Since being cornered and bitten in his home by a swarm of zombies, former college professor Jack Barnes has found a new love: brains. Not just any brains, but “bubbly, bewitching, bedazzling brains.” While he may be a zombie (he ate his wife shortly after being turned), a classic, arms-outstretched, shambling zombie he is not. He has something special that the rest of the infected don't: self-awareness. That and his ability to write convince him to go to Chicago to find the scientist who created the virus responsible for zombification and, he hopes, end the war between the living and the dead. En route he meets a few “like-minded” undead compatriots, all with varying degrees of sentience, to help him on his quest: Joan, once a nurse, who is particularly skilled at patching up body parts; Guts, a young man who can still run with the best of them; pregnant Eve, whom Jack falls for after biting off her finger; and Ros, a spokesman of sorts, since he's still able to talk. Becker's humorous first-person narrative will have readers rooting for the zombie crew, and she keeps the action moving at breakneck pace.
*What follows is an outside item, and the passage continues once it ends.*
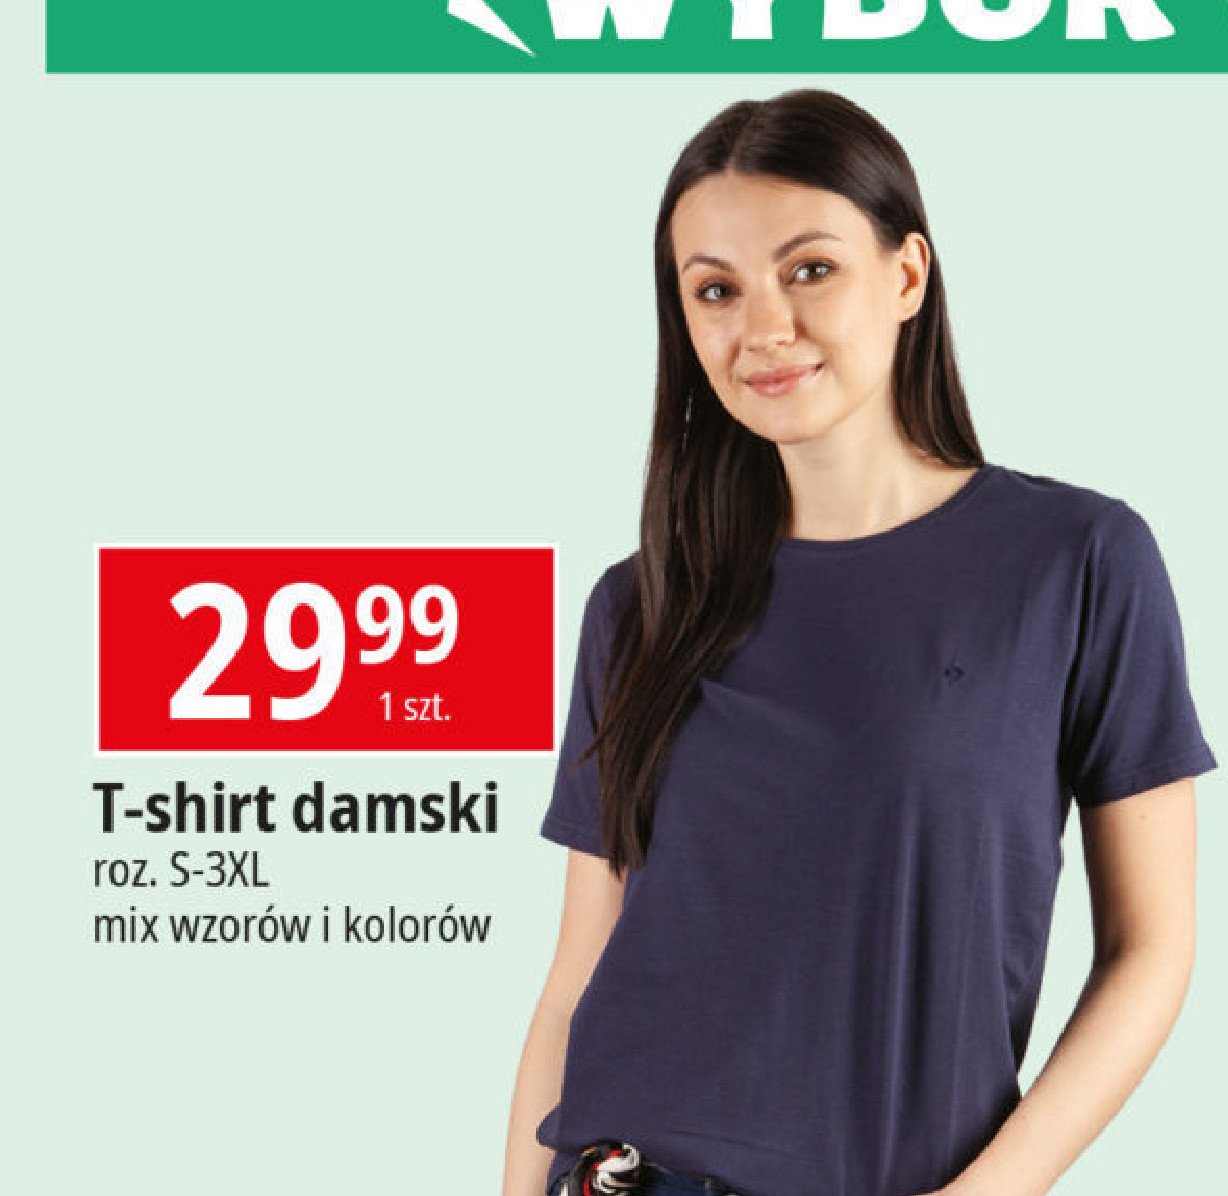 T-shirt damski s-3xl promocja

Smart, funny, weirdly uplifting, Brains is a most welcome addition to zombie lit. --Carlos Orellana
Description:
From Publishers Weekly
Becker's slender debut novella is an unusual take on the zombie genre: part Grapes of Wrath, part postmodern memoir. A virus outbreak turns millions of people into mindless zombies, and the remaining humans declare war on the undead. Zombified English professor Jack Barnes discovers that he has retained his memories and his consciousness. Joined by several other sentient zombies, Barnes sets off to find the virus's creator in hopes of presenting a treatise on zombie civil rights. Barnes's dogged entitlement and self-centeredness make him both uninteresting and unbearable, and while Becker's writing is crisp, the plot meanders like its characters, consisting of little more than cannibalistic feasts and tin-eared literary and pop culture references (Hell is other zombies; Perhaps life as a zombie is better than no life at all). (June)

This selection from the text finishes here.